For convenience of travel and logistics, Sharath and Sathiyan have since begun scheduling their trips for camps, tournaments and pro tours to and from their hometown Chennai together. “Earlier Max (Costantini) would take care of everything from chalking out our calendars to budgeting to acting as the bridge between players, federation and the Ministry and getting budgets sanctioned. Of course, I can convey what tournaments I’d want to play in a year and which to skip and conserve energy. But funds allocation shouldn’t be something a player has to worry about. That’s not our job,” Sathiyan says.

In its defence, TTFI says the current mess that they find themselves in is borne out of Costantini’s sudden decision to leave at a time when most top foreign coaches were already contracted. According to the federation, approvals for Canadian Dejan Papic’s appointment on a one-year contract have finally come through from SAI and the Ministry and he’s likely to take over in July. In principle, TTFI says, Papic has also agreed to travel to Budapest to meet the Indian players at the World C’ship ahead of formally joining the team.

“SAI has assured us that things will return to normalcy from July,” says Sathiyan, “but in a pre-Olympic year, every week, every month counts. We can’t just wait around.
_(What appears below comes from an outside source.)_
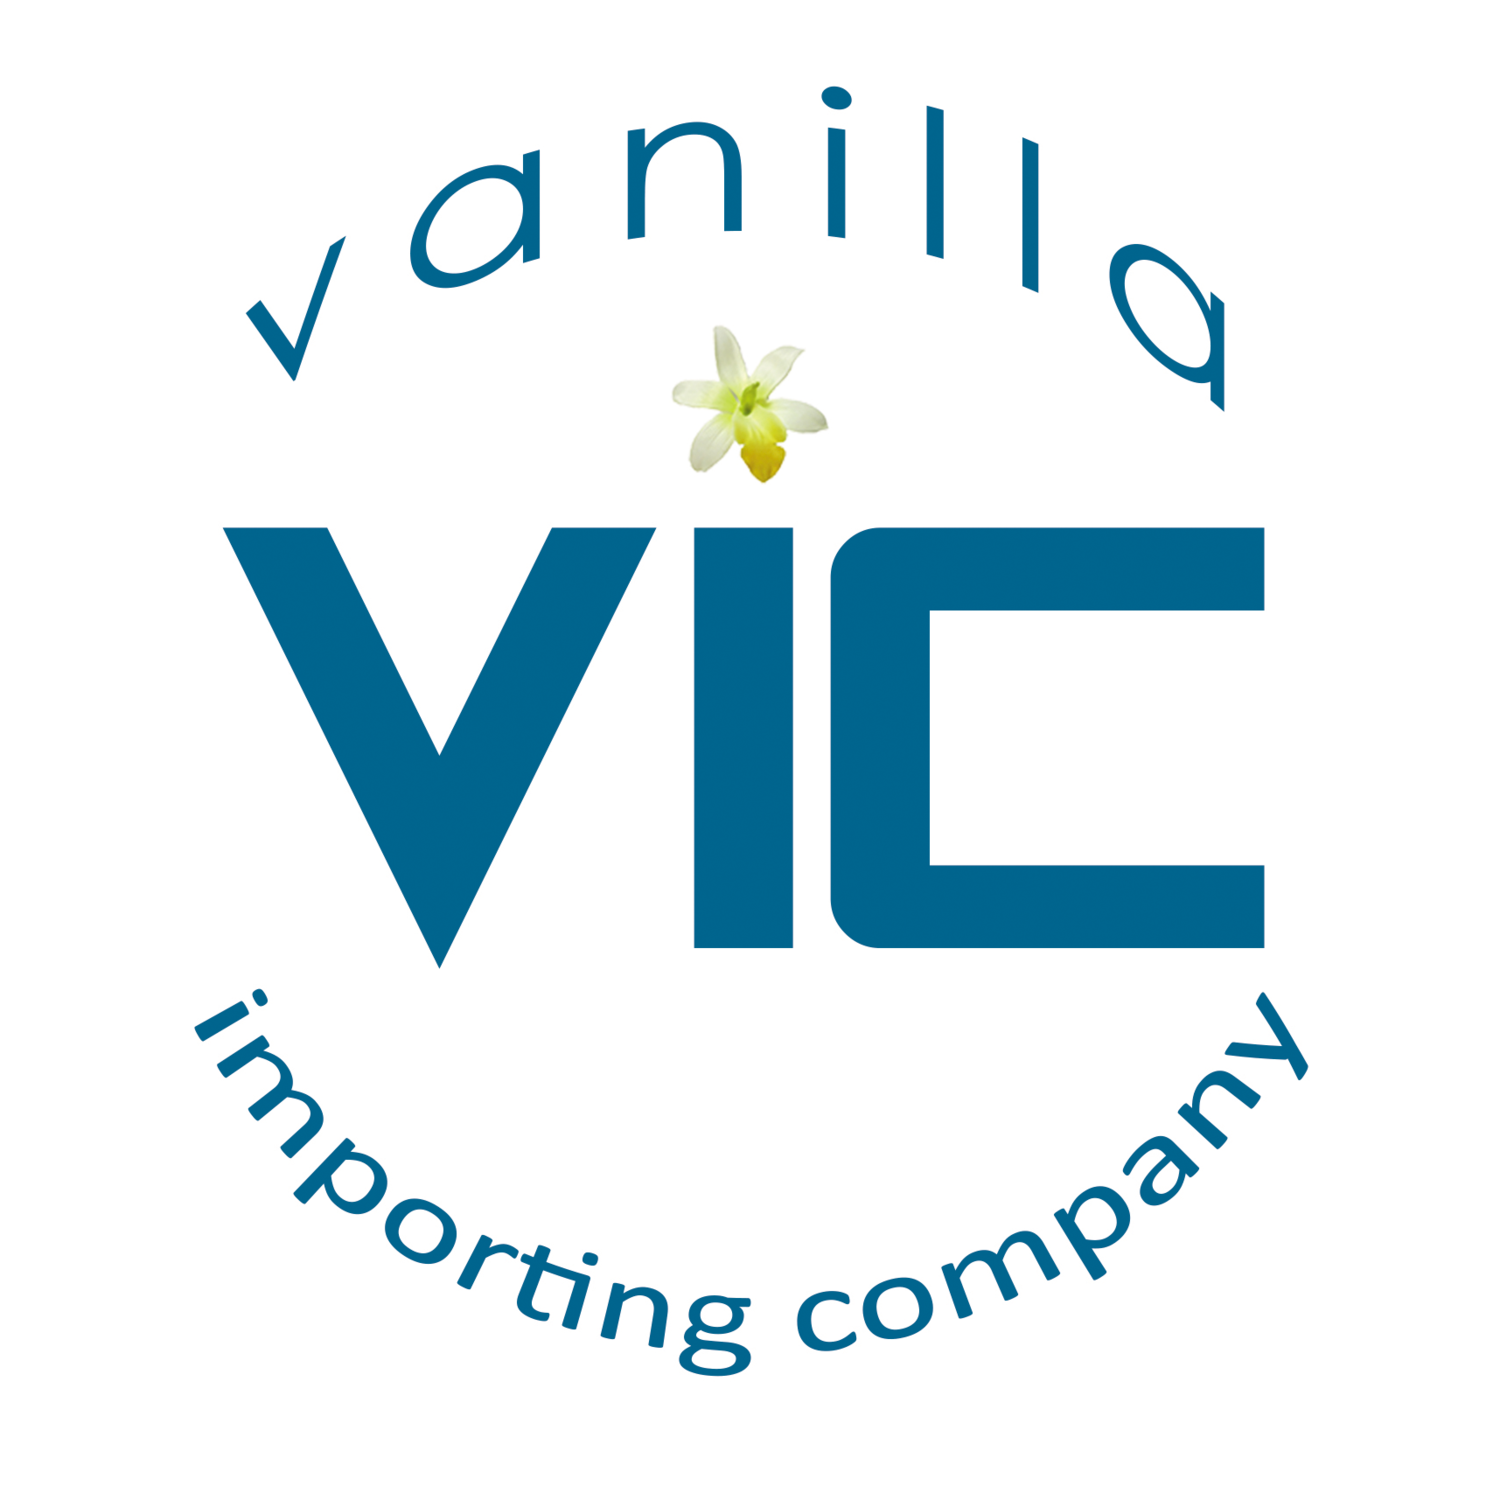 Vanilla Importing company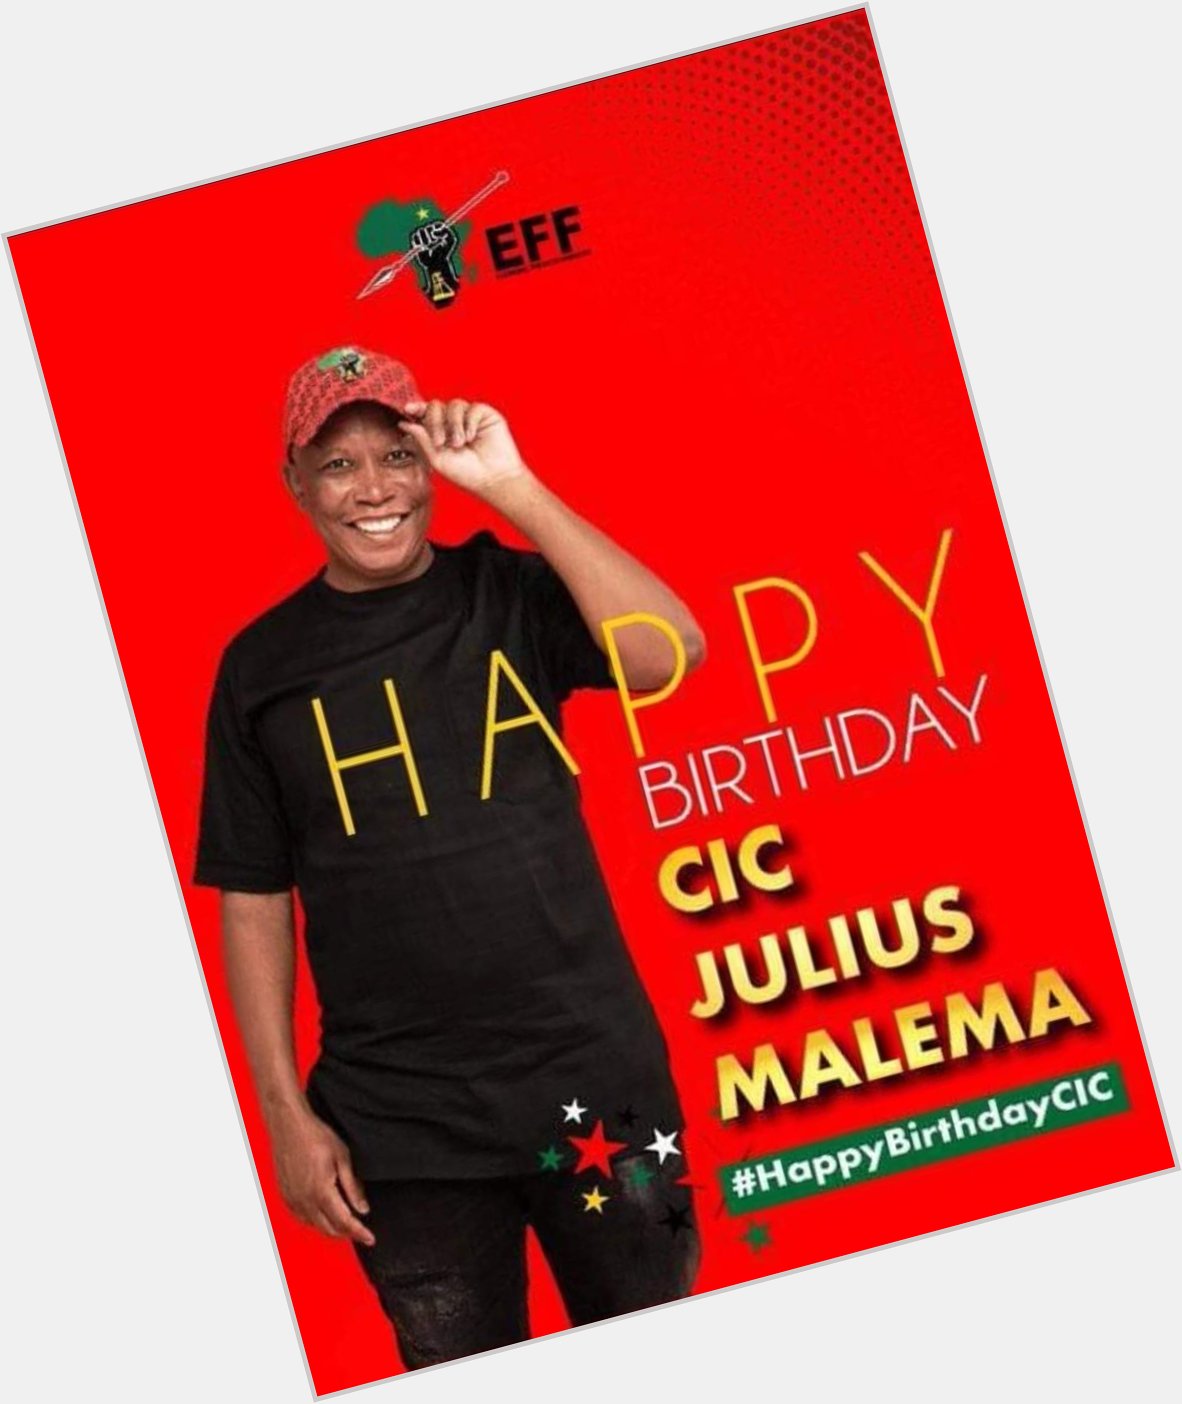 Happy birthday Mr president malema

Time is running out.”

It would effectively leave exactly a year’s time for the Olympics and just five months before the first qualification event – world team qualifiers – in January 2020. Too little for a foreign coach to acclimatize himself with the system, crack the Indian way of functioning and get players ready for the Games.

In this melee, Sharath fears his worst nightmare might have come true. The momentum from the medal rush, the big results and the unexpected attention last year, he feels, “may have just slipped”.